# Wooden Rabbet plane



## 12strings (Nov 15, 2011)

Any tips for making an old wooden rabbet plane work really well? I've got the blade ground and sharpened decently, but I don't feel like I've mastered positioning the blade. The iron is one of those that has the blade extend to one side, but the plane has side escapements on both sides, does that mean the blade can be flipped? (if you did, it would be bevel up at a really high angle…would you ever want to do that?)

I have not had success making square rabbets with it.


----------



## ITnerd (Apr 14, 2011)

A couple of things I would check - Is the bottom & at least one side square to each other? Does the iron also match these 2 sides? If not, its likely you will need to do some grinding. I would true up the plane body, bottom and sides, then seat the iron & figure out where it needed to be ground to match the profile.

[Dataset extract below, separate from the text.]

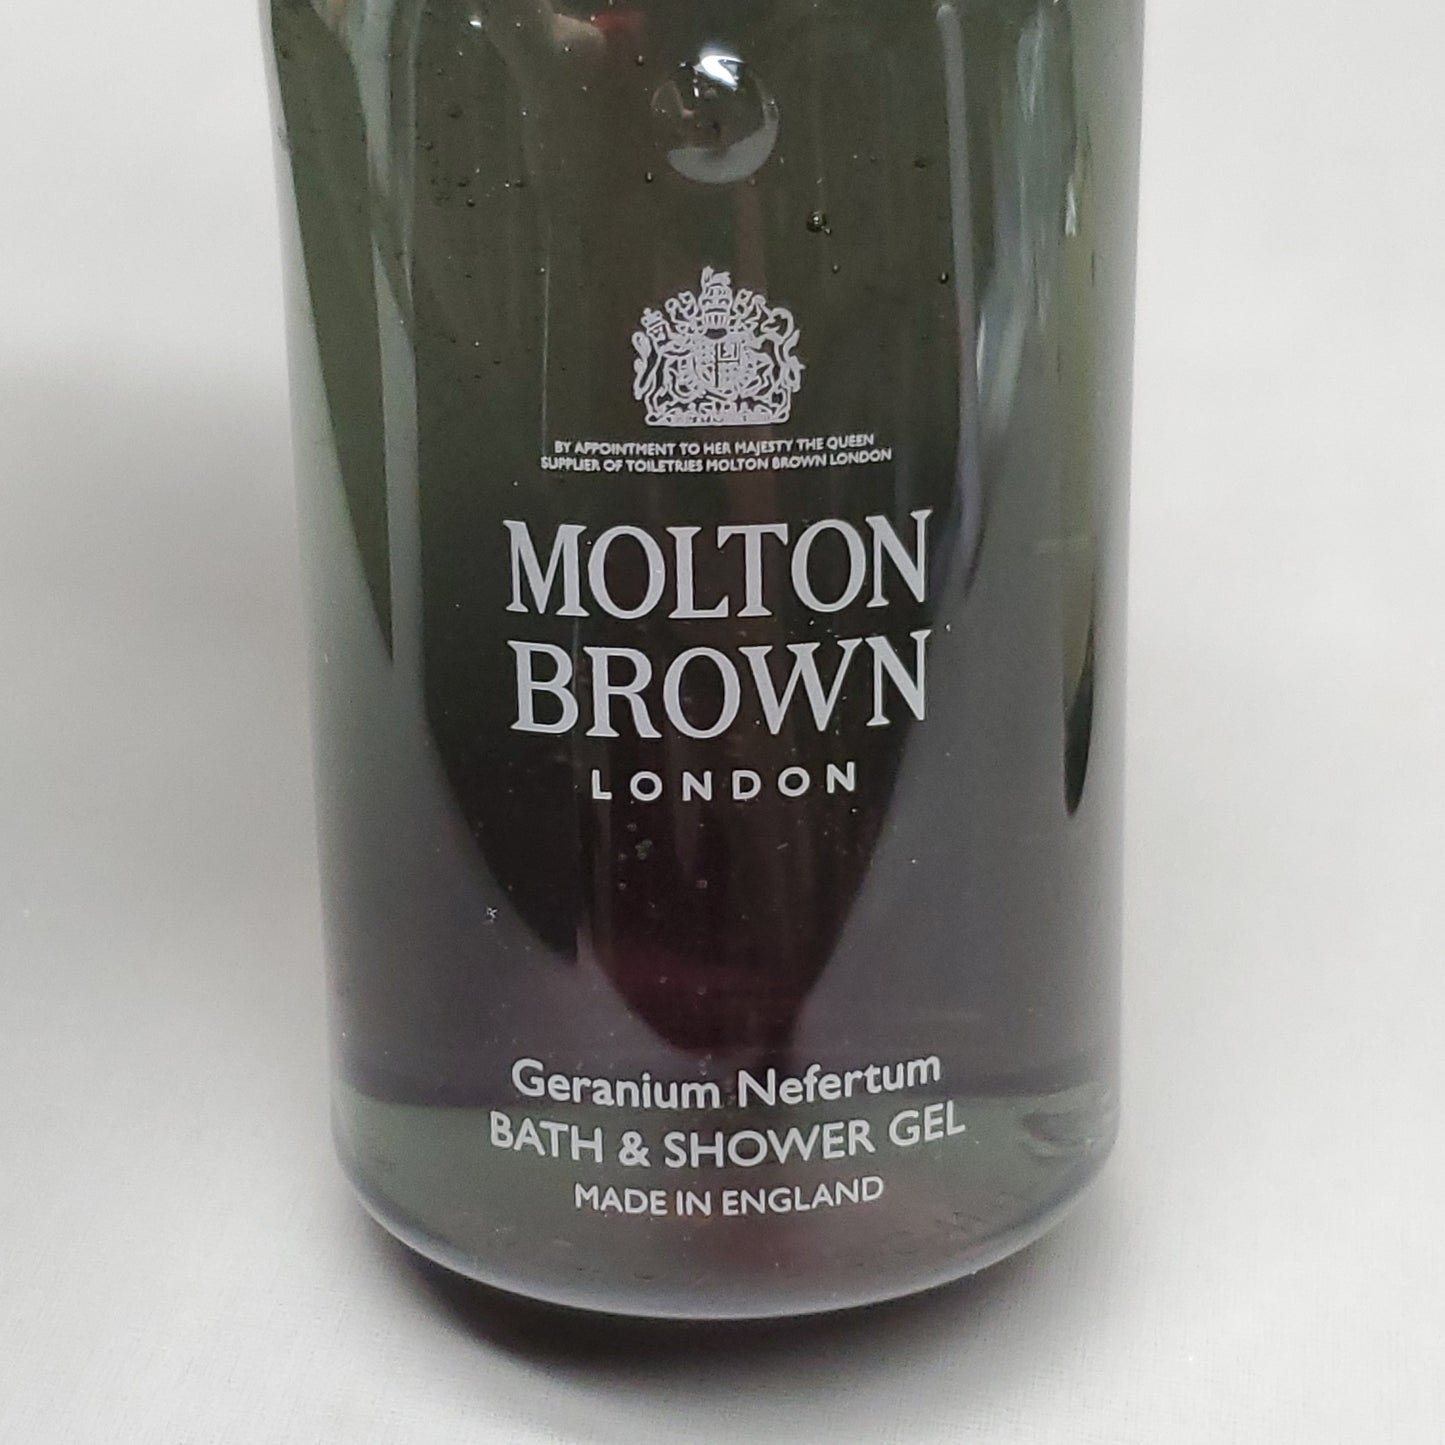 MOLTON BROWN London 2 pc set Geranium Nefertum Bath & Shower Gel 10 fl oz & Eau de Toilette 1.7 fl oz

If that sounds scary to you , I can wholeheartedly recommend 'Sharpening Profiled Hand Tools' by Larry Williams at Planemakers. I'd read alot of forum info, but I didn't really understand how to repair any of my woodie irons until I watched this. Not only will you figure out the basic regrinding/honing pretty quick, the video will help you tackle complex molding profiles, if you ever go that route. If you check out thier website, you'll see they've made a couple planes. 

In terms of the rabbets you're trying, where are you having trouble? consistent depth, keeping it alignerd, unsquare bottom/wall of the rabbet? Cross grain or with it? Best of luck, & keep us posted - we'll get it whipped into shape in no time.


----------



## dkirtley (Mar 11, 2010)

The easy way with to make rabbets is to clamp a batten to the work to guide you. Once you get down past the cutting edge, it will track on the side of the rabbet.


----------



## 12strings (Nov 15, 2011)

I'm having trouble keeping the side straight, and at each pass, the plane get's scooted slightly out so the side of the rabbet is slanted. I had heard that the blade shoul sit slightly proud on that side, but I may be over-doing it…But I will check the profile of the blade as compared to the sole and sides of the wood. I may need to do some more truing.


----------



## donwilwol (May 16, 2011)

I agree with all above and will add, make sure the blade is square. It almost sounds like your blade could be out of square, then make sure the sole and the side is square as Shane suggested. To add what Dave suggested, try clamping a higher batten so you know the plane is staying square. I have problems with some wooden planes holding them square myself (not sure why, I think it psychological). I have to really pay attention to what I'm doing sometimes.


----------